Some questions about the open-loop evaluation framework.
flclain opened this issue ยท 4 comments
Congratulation for your great job and thanks for sharing the code.
In the paper "Rethinking the Open-Loop Evaluation of End-to-End Autonomous Driving in nuScenes", they designed an MLP-based method that takes raw sensor data (e.g., past trajectory, velocity, etc.) as input and directly outputs the future trajectory of the ego vehicle, without using any perception or prediction information such as camera images or LiDAR.
Surprisingly, such a simple method achieves state-of-the-art end-to-end planning performance on the nuScenes dataset, reducing the average L2 error by about 30%.
They concluded that maybe we need to rethink the current open-loop evaluation scheme of end-to-end autonomous driving in nuScenes.
What do you think of this experiment? https://github.com/E2E-AD/AD-MLP
Is there a problem with their experimental results, or we do need a new open-loop/close-loop evaluation framework?
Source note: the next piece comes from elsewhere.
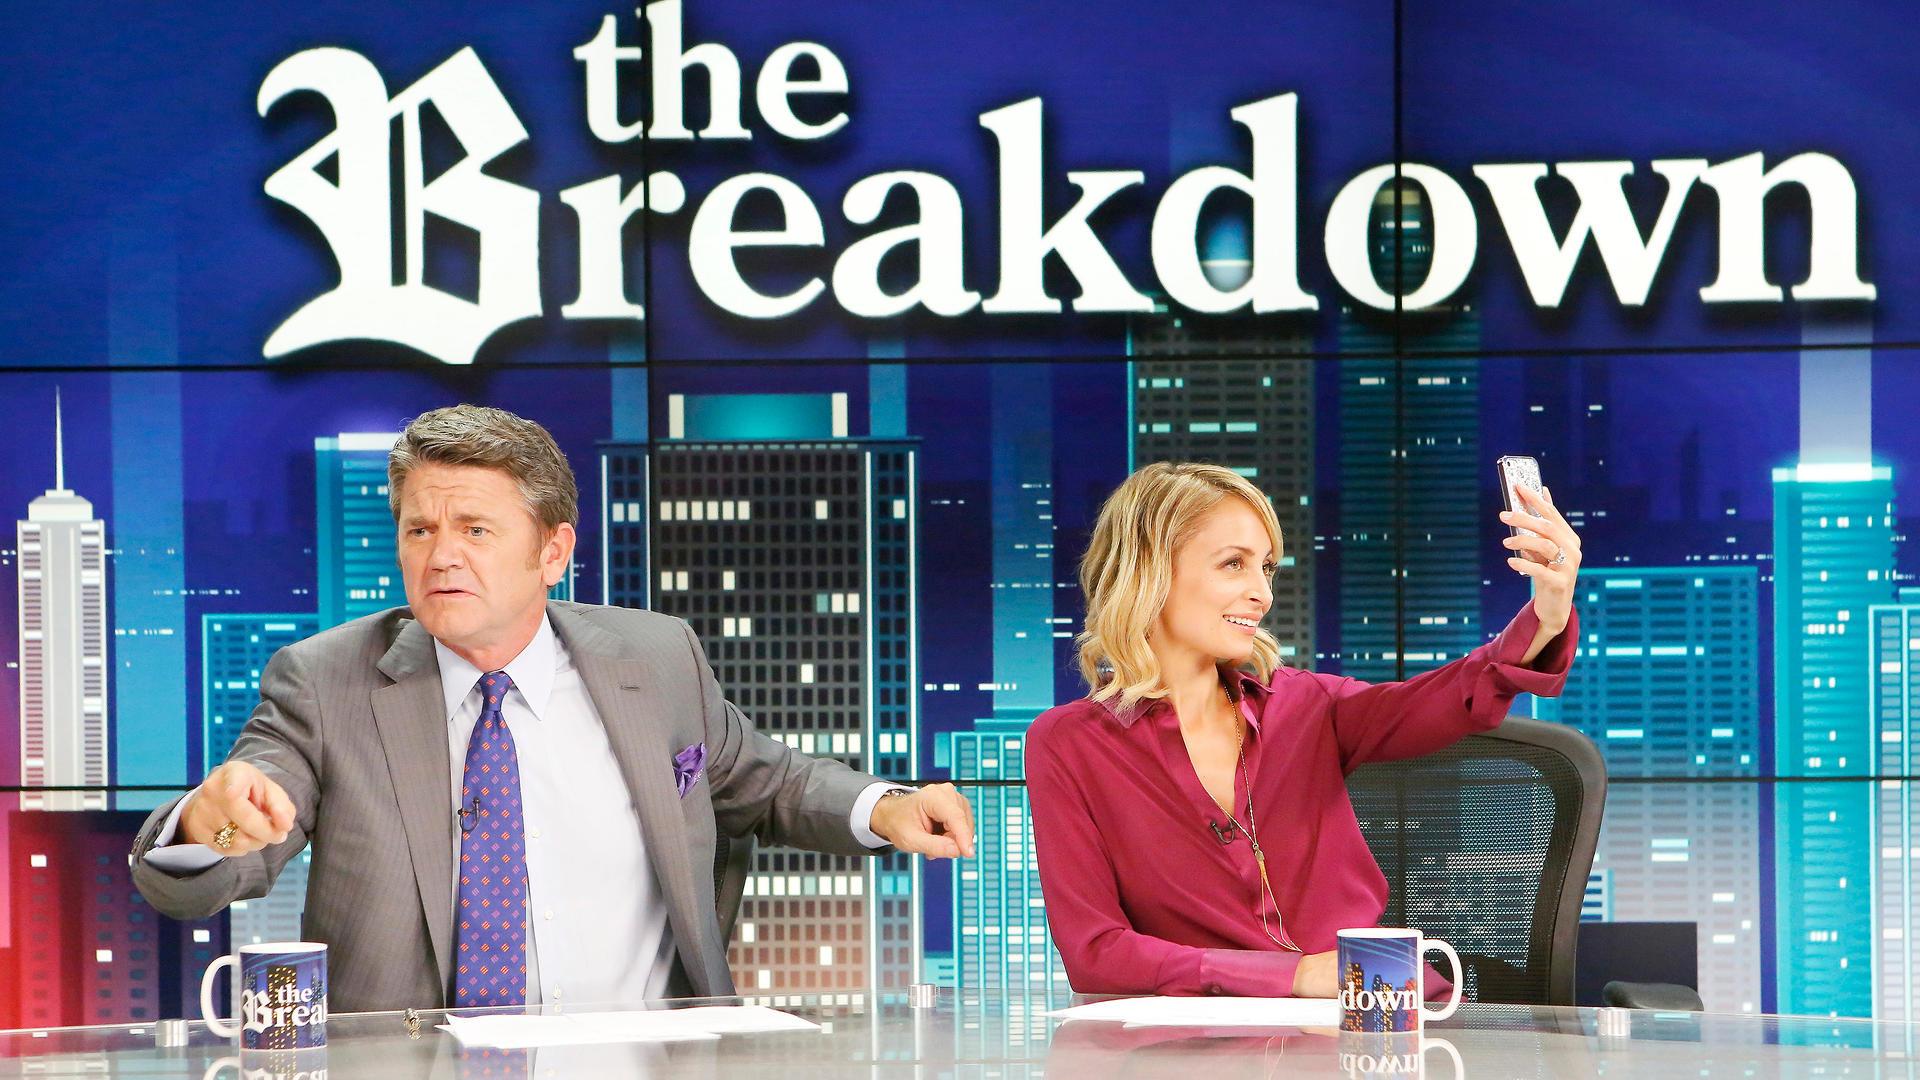 Great News - saison 1 : une comédie à voir sur Netflix

Thank you for your interest, and you've posed an excellent question that has indeed been widely debated. I will try to address your question from four perspectives:
Firstly, open-loop evaluation is a frequently employed measure in machine learning-based planning and has a strong positive correlation with closed-loop metrics. For example, in the NuPlan competition, the open loop is used as one of the reference indicators. Most algorithms can demonstrate good consistency.
Secondly, the introduction of the vehicle's historical state information in the process of imitation learning can cause a phenomenon known as 'causal confusion'. While incorporating history does indeed enhance open-loop indicators, it significantly reduces closed-loop performance, thereby undermining its reference value. Similarly, in the experiment you mentioned, the introduction of historical information has caused the open-loop indicators to lose their reference value.
Thirdly, our choice of the Nuscenes dataset was driven by it being the largest and most comprehensive dataset currently available for end-to-end scenarios. However, this dataset is still too small for planning purposes. We hope to see the emergence of larger-scale end-to-end autonomous driving datasets in the future (such as NuPlan) to facilitate further end-to-end related research.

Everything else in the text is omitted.